Громада снова пришел в движение вокруг стола, кулаки разжались. Сербов налил себе настойки. Выдохнул с облегчением – появилась хоть какая-то ясность мысли и действия. Мыследействия?
– Жизнестнее?
Хозяин пропустил вопрос мимо ушей.
– Это мы с вами, Володя, будем подставляться. А Вашего товарища им как раз трогать снова будет не резон, потому что он будет их источником знаний о нас. Он – нить к нам. Так вас устраивает?
Сербов с удивлением и с сожалением глядел на профессора. Русскую профессуру он явно недооценил, от нее можно ожидать еще каких фокусов!
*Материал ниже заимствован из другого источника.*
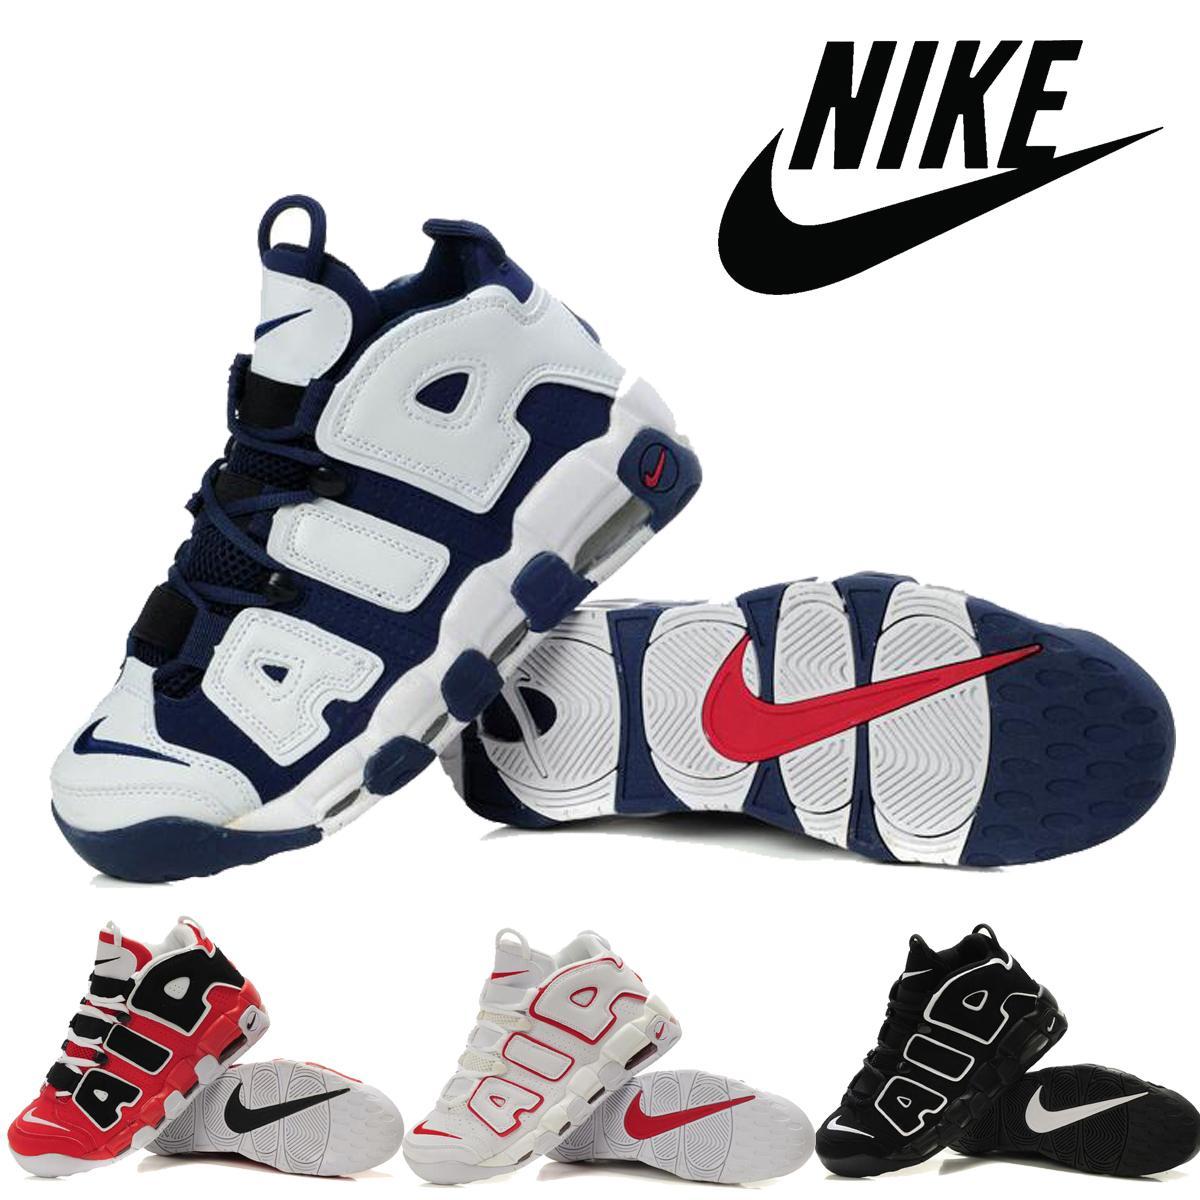 Basket Nike Chaussures Plus Uptempo De Pippen Acheter Hommes Air mOyN8n0vw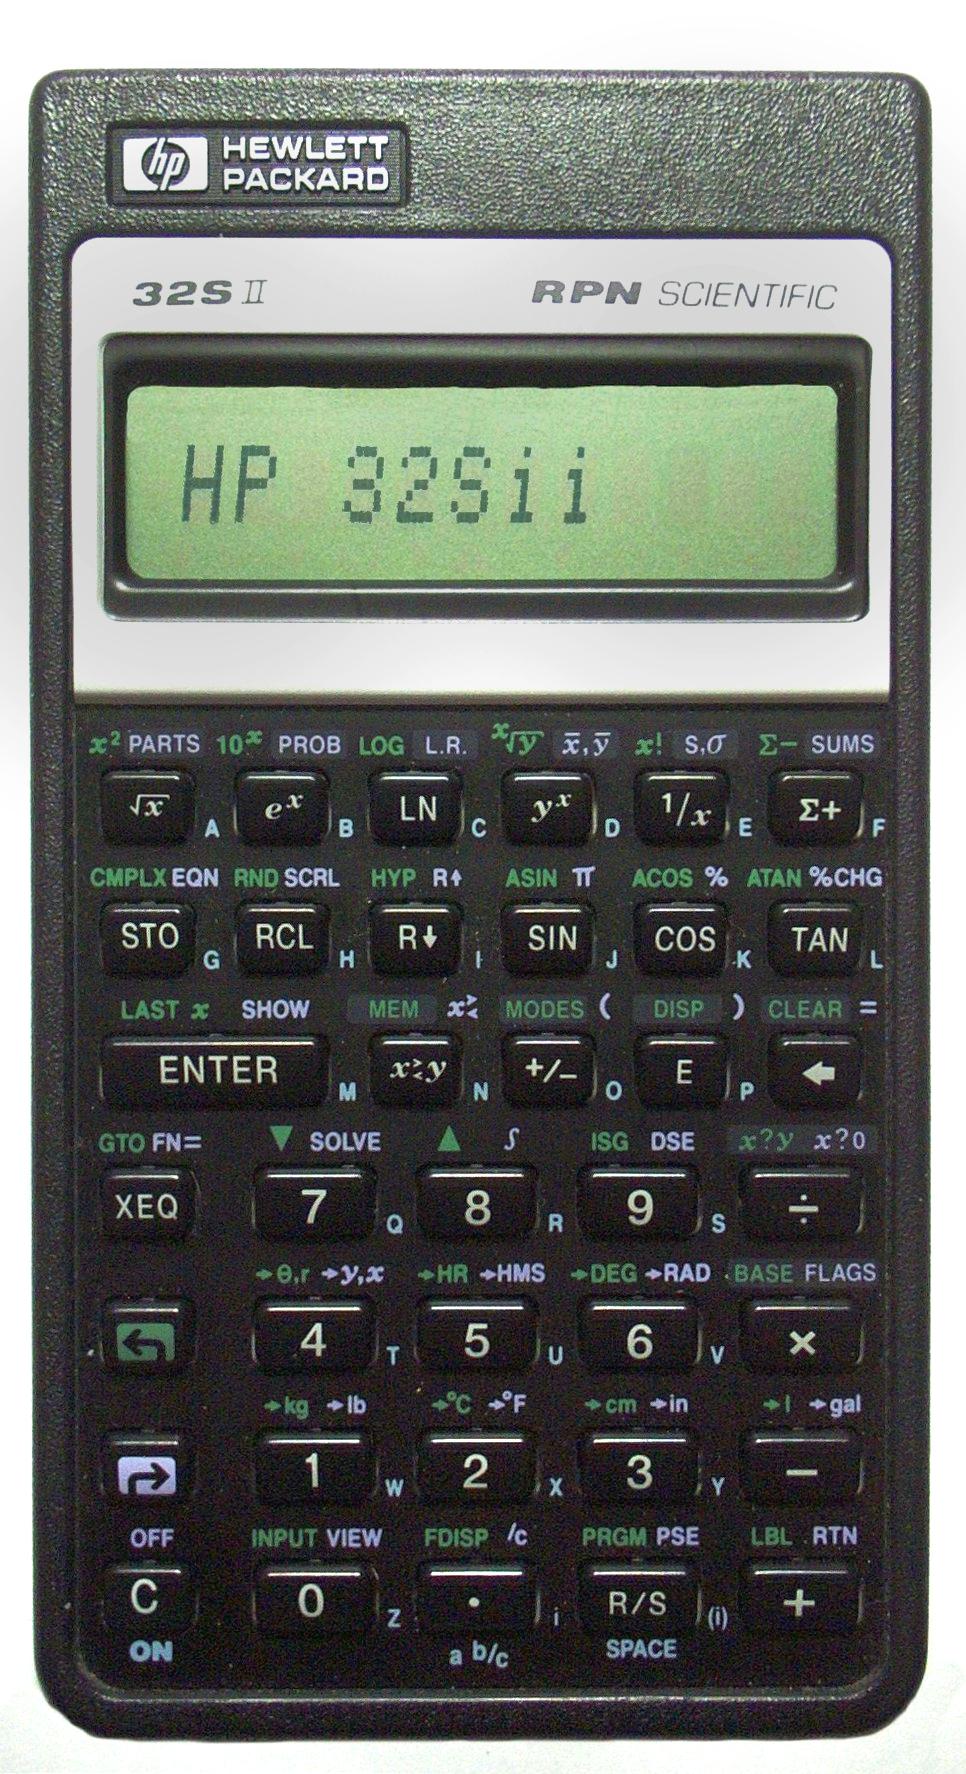 hp 32s wikipedia rh en wikipedia org Hewlett-Packard Scientific Calculators in 1972 Hewlett-Packard Support Calculator

И держаться бы от нее подальше, да больно трудно с собственными генералами родине служить, приходится вот так выкручиваться. Нет, проще было бы на фронт. Но он не может отказать Громаде в признании одного факта. Он – посмелее иных генералов будет. А это – даже не уважуха, это – не респект, это – уважение.
Сербов выпил, снова выдохнул и обратился к обоим:
– Меня не светите, будьте добры. А то приедут такие умники от моих начальников, что ваши супостаты Одноглазые детьми покажутся. Они-то мозги промоют без всяких адских мозгобоек, и все на этом закончится. И варианты, и путь. Ауфвидерзеен.
За ерническим тоном, которым Сербов сформулировал просьбу, скрывалось восхищение. Вспомнилось коротенькое свидание с дедом. Дед, тяжело раненный на финской, ему, уже не маленькому, сказал так – ты парень смышленый, внук, и ты русский. Это у нас опасная смесь. Помни, если исчерпаешь слова, чтобы убедить себя, как мы еще держимся и не погибли, то не упади духом. Россия не благодаря, а вопреки есть. Только Божьим промыслом. Бог шлет ей спасение, когда спасения нет. Аркадий тогда и не согласился с дедом, и не знал, что тот всего лишь переиначил известную фразу. А, может статься, сам к такому пришел… Как бы то ни было, сейчас Сербов глядел на Громаду, и ему вспомнился именно дед. Что, если вот этот резкий гений – то спасение и есть? Горькое восхищение… Не оттого горькое, что Громада, а не генералы, способен выдохнуть из себя чудо, а оттого, что сам Аркадий Сербов чувствует себя так, словно он не успел на самолет и уже никогда не попадет в тот город, куда необходимо попасть. Туда только те самолеты летят, где посадочный талон – та самая «худенькой крови связь». А поездом уже не добраться… Или так: как будто его, вроде бы отличника, перевели в другую школу, а в ней задают только задачи повышенной сложности, и ему не потянуть. Проще – сдаться! Вот такая ужасная, такая горькая мысль. Не отступить, а именно сдаться. Пусть враг подскажет, как жить по его правилам. Но – поздно, уже и сдаться нельзя. Это он осознает. Нет, проще было бы на фронт.
– То есть ты с нами, но в засадном полку. Мы таскаем угли, ты оформляешь факты. В итоге ты раскрываешь заговор, хватаешь беса за бороду, и – в дамки. И пробиваешь лабораторию, – по-своему истолковал слова Сербова Логинов. Его самого Громада, пожалуй, убедил. Жизнью проверено – ничего не выходит, если ты не подставляешься сам… Осталось разобраться с тем, как Громада и вся эта байда помогут возвратить Мирвайса…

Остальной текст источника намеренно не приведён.